Exercise 5 β Reflection
Answer the following questions in your report (1 paragraph each):
-
How many parameters did LoRA actually train? What percentage of the full model? Why is this enough to adapt the model to your task?
-
What would full fine-tuning have required in terms of memory? Why is that prohibitive for most teams?
-
Did the fine-tuned model "forget" any general capabilities of the base model? Give evidence from your qualitative evaluation.
-
If you were deploying this fine-tuned model in production, what additional steps would you take before launching?
Evaluation Criteria
Important Constraints
- Use only open-source models (no GPT-4 API, no Claude API).
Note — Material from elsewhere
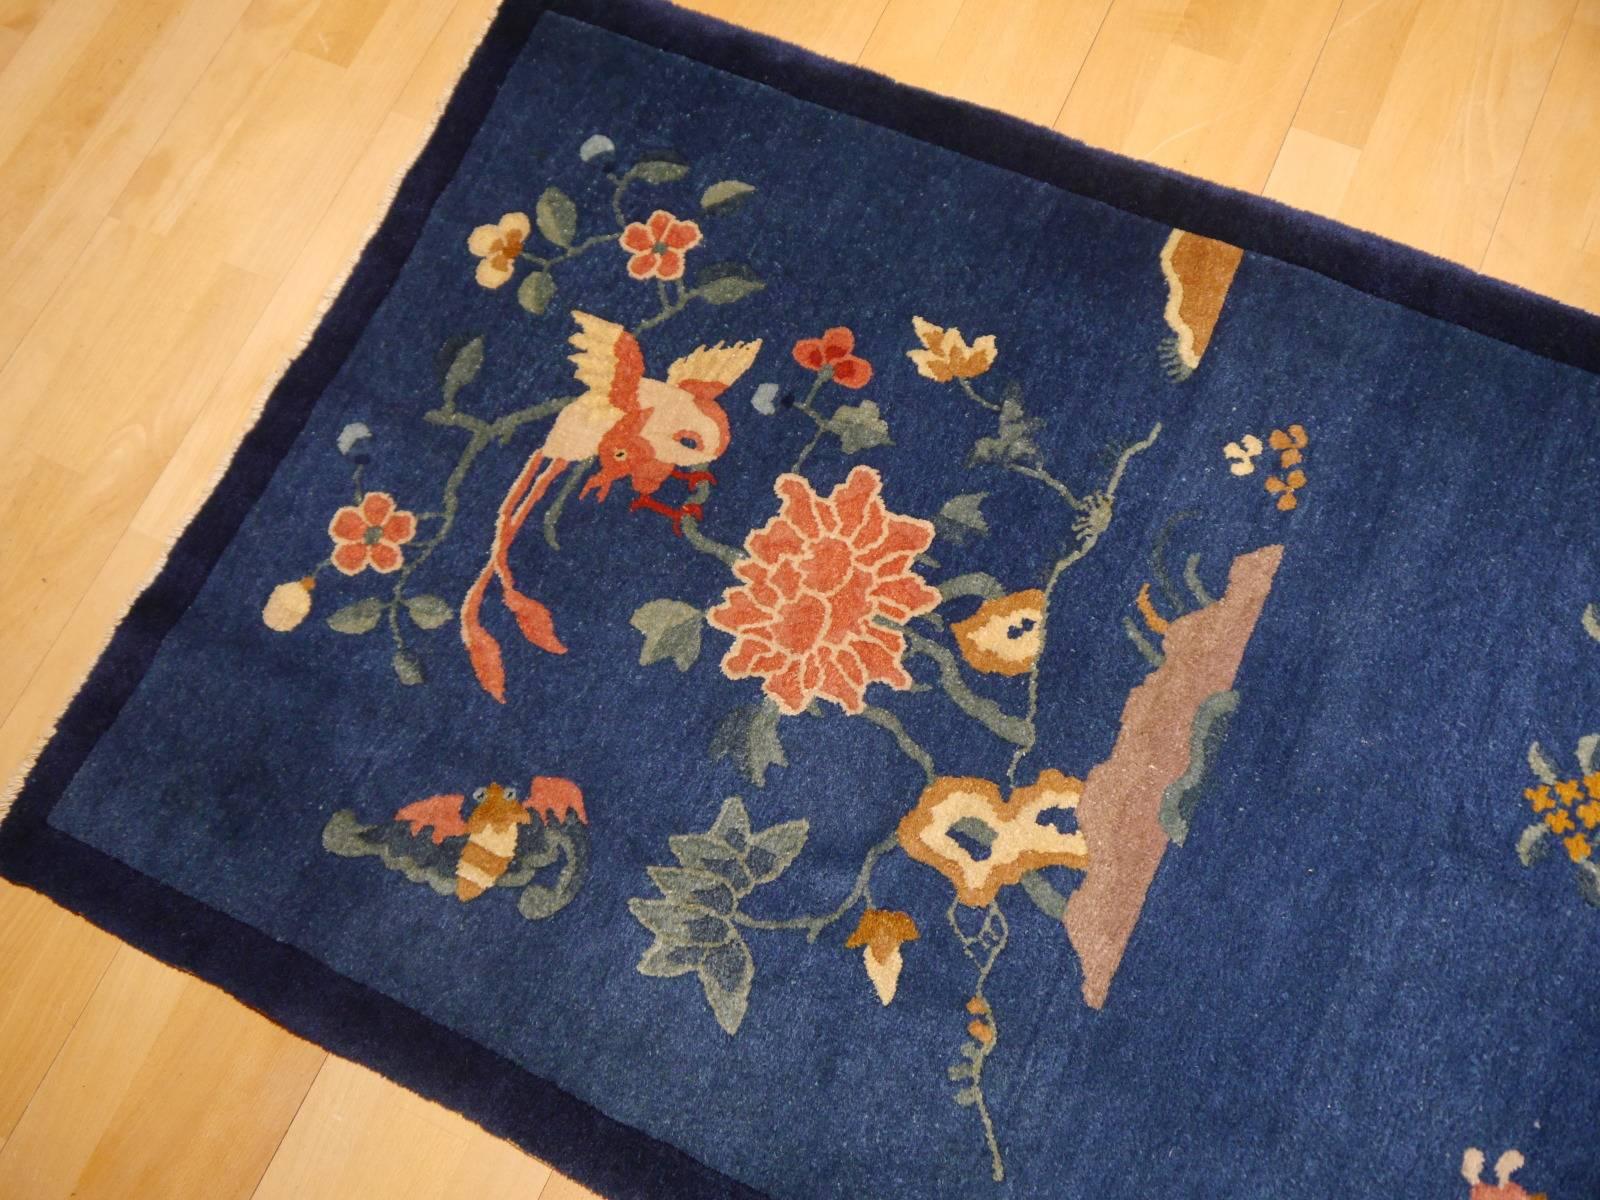 Very beautiful antique Peking Chinese Rug, clear blue Color combination and elegant reduced design. Great condition with high pile and without damages, collectors item.
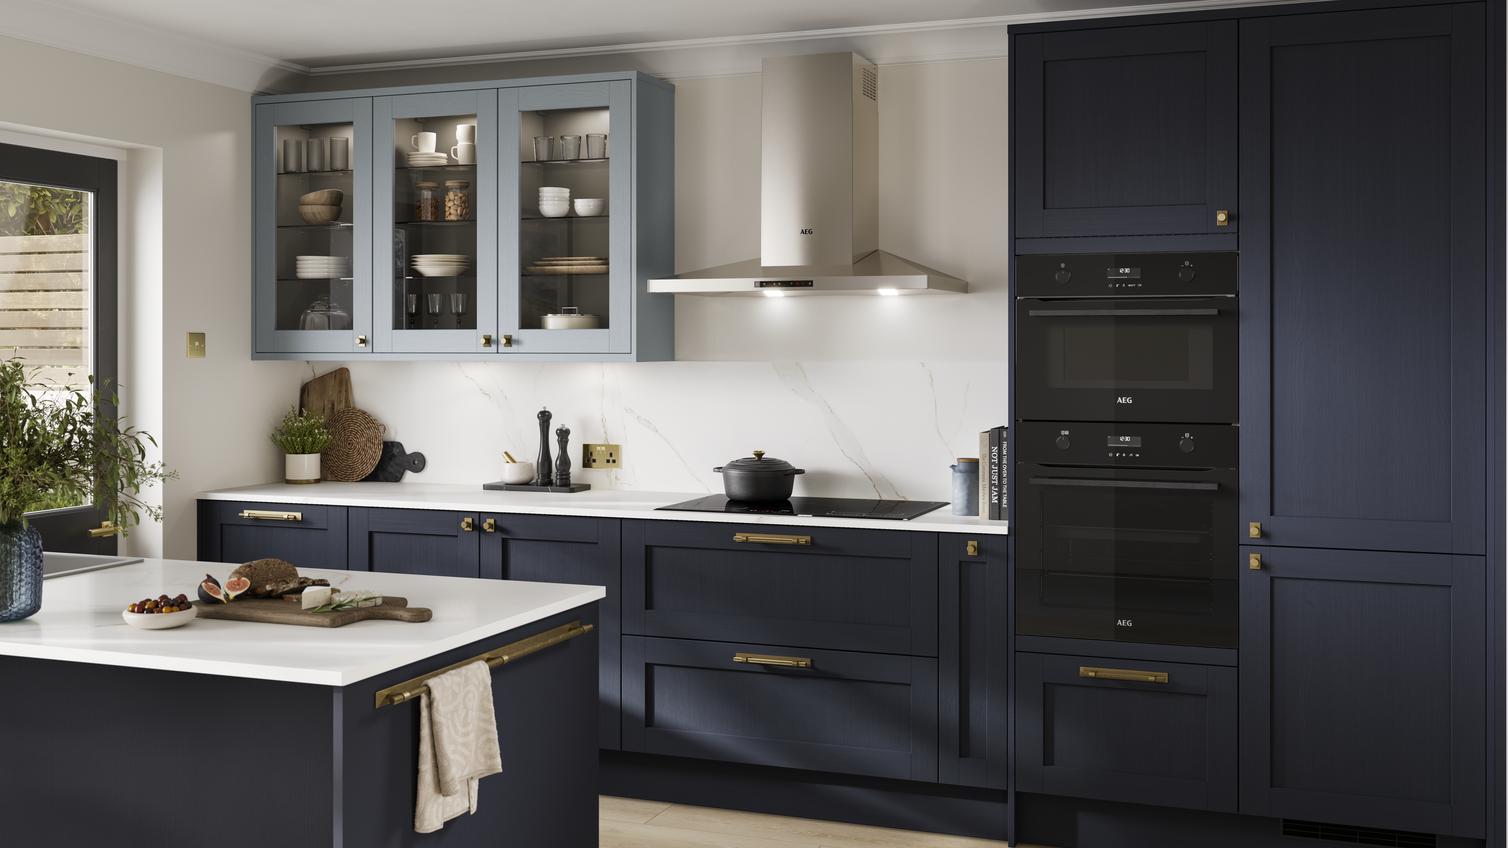 A dark, shaker-style Navy kitchen from the Halesworth range. Features integrated oven and hob, and a matching kitchen island

The model must be loadable from Hugging Face Hub.
- Report GPU hours used and estimated cost (Google Colab compute units or equivalent).
- All code must be reproducible: set random seeds, pin library versions.
| Criteria | Points |
|---|---|
| 2 pts | Dataset selection, preparation, and formatting |
| 2 pts | LoRA configuration and successful fine-tuning |
| 2 pts | Quantitative evaluation and comparison of configurations |
| 2 pts | Qualitative evaluation and error analysis |
| 2 pts | Reflection questions and report quality |
Submission format: GitHub Pages report + link to training notebook (Google Colab or similar). Include all plots and tables.
AI Collaboration: Allowed, but you must understand every configuration parameter. The report must be your own analysis.